Finding the value of $\tan B$ 
In the triangle $\triangle ABC$
$$\cot A=\dfrac{-3}{4}$$
$$\sin A \cos B - \cos A \cos B = 1 $$

*

*Find the value of $\tan B$

This $\sin A \cos B - \cos A \cos B = 1 $ reminds me of sum and difference formulas in a particular way that made me draw a triangle. However, I couldn't see any way to proceed from there.

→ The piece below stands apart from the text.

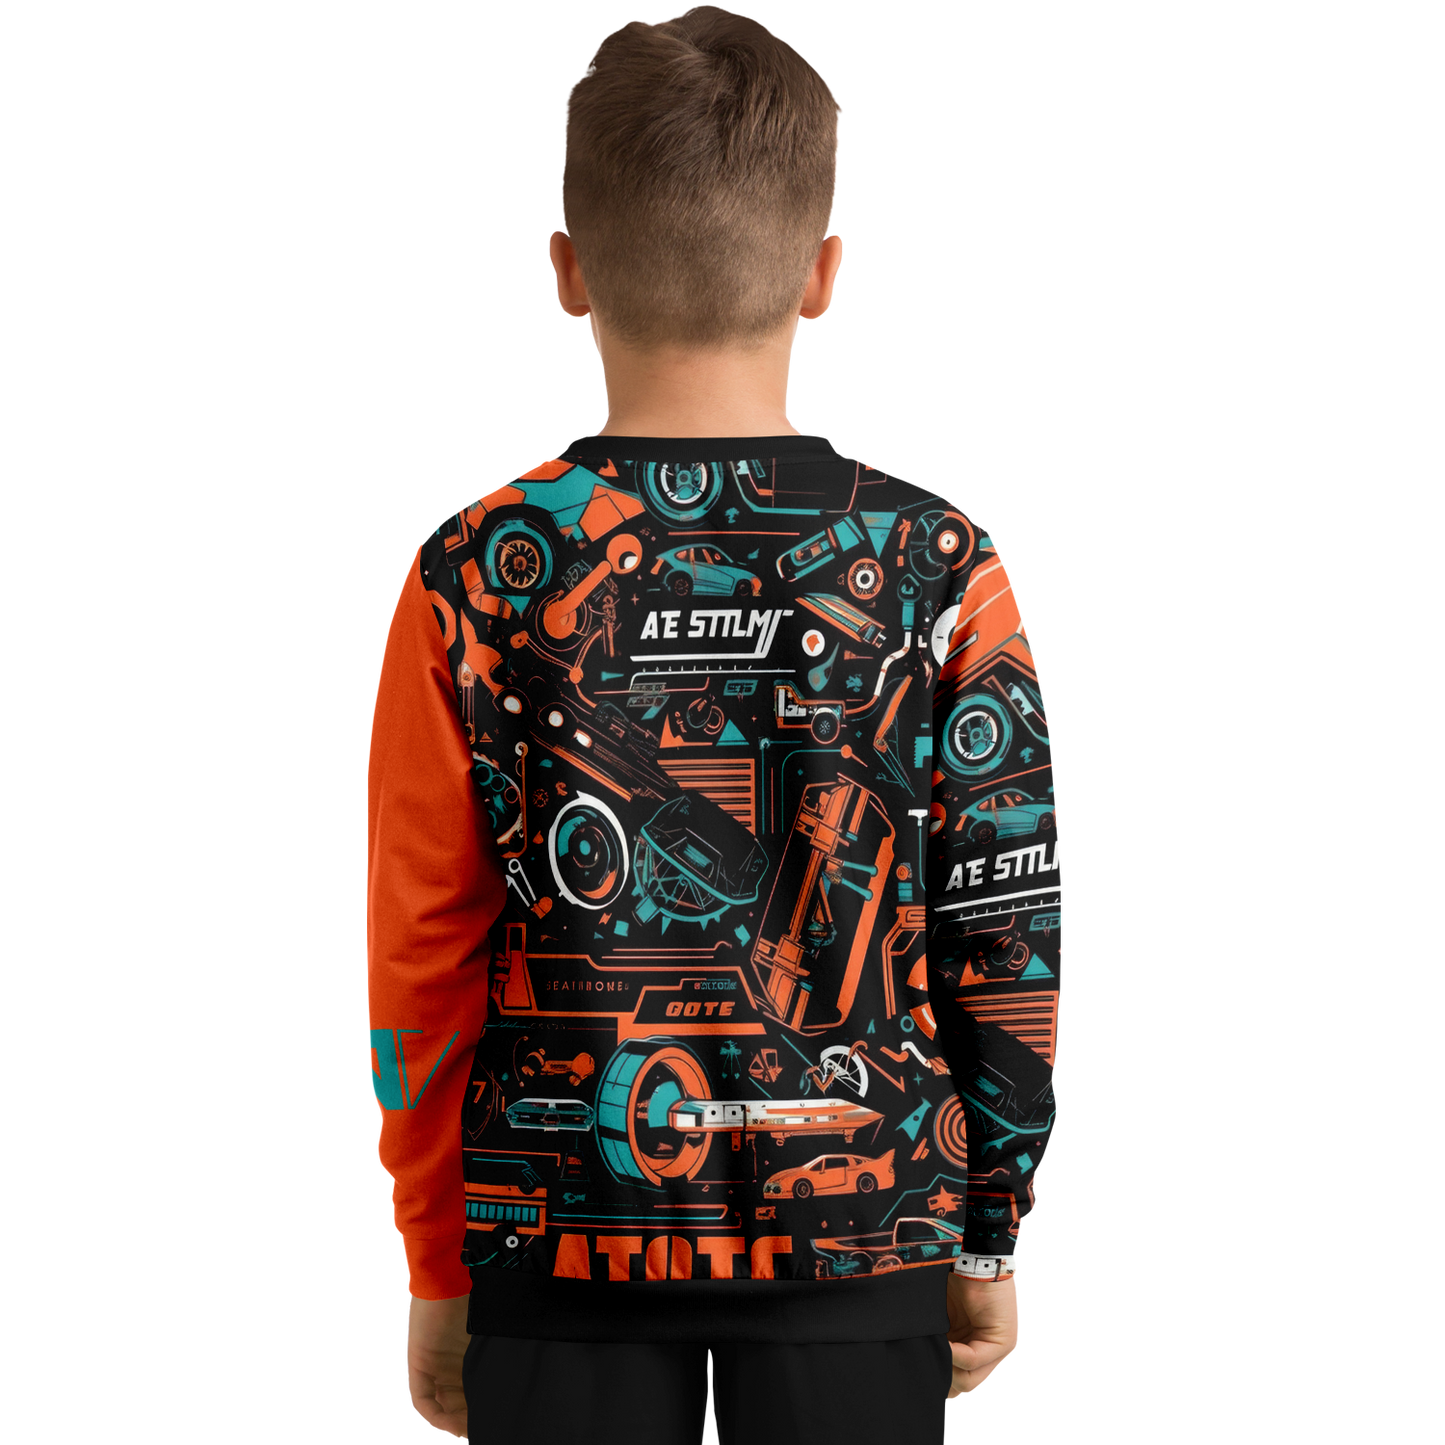 Athletic Kids/Youth Sweatshirt – AOP 008

Your helps will be appreciated.
Regards!
 A: Hint: we have  $$\cot A = {\cos A\over \sin A}$$ and $$\sin ^2A +\cos ^2 A =1$$
so $\cos A =-3t$ and $\sin A = 4t$ for some real $t$ and thus $25t^2=1$ so $t=1/5$ (because $\sin A$ must be positive).  
Now $\displaystyle \cos B = -{1\over 7t} =-{5\over 7}$ so $\sin B = ...$ and so...
A: $$\begin{align*}
1&=\sin A\cos B-\cos A\cos B\\[1ex]
&=\cos A\cos B(\tan A-1)\\[1ex]
&=\cos A\cos B\left(\frac1{\cot A}-1\right)\\[1ex]
&=-\frac73\cos A\cos B
\end{align*}$$
$$\implies\cos B=-\frac37\sec A\quad(*)$$
Then by the Pythagorean identities, we have
$$\begin{align*}
\sin^2B&=1-\cos^2B\\[1ex]
&=1-\left(-\frac37\sec A\right)^2\\[1ex]
&=1-\frac9{49}\sec^2A\\[1ex]
&=1-\frac9{49}(\tan^2A+1)\\[1ex]
&=\frac{40-9\tan^2A}{49}\\[1ex]
&=\frac{40\cot^2A-9}{49\cot^2A}\\[1ex]
&=\frac{24}{49}
\end{align*}$$
$$\implies\cos^2B=1-\frac{24}{49}=\frac{25}{49}$$
Since $A,B$ are angles in a triangle, we have $0<A<\pi$ and $0<B<\pi$. Then we know that $\sin B>0$. Similarly, we know that $\sin A>0$, while $\cot A<0\implies\cos A<0\implies\sec A<0$. This and $(*)$ mean that $\cos B>0$, and taken together we know that $\tan B>0$.
So, we end up with
$$\tan B=\sqrt{\frac{\sin^2B}{\cos^2B}}=\frac{2\sqrt6}5$$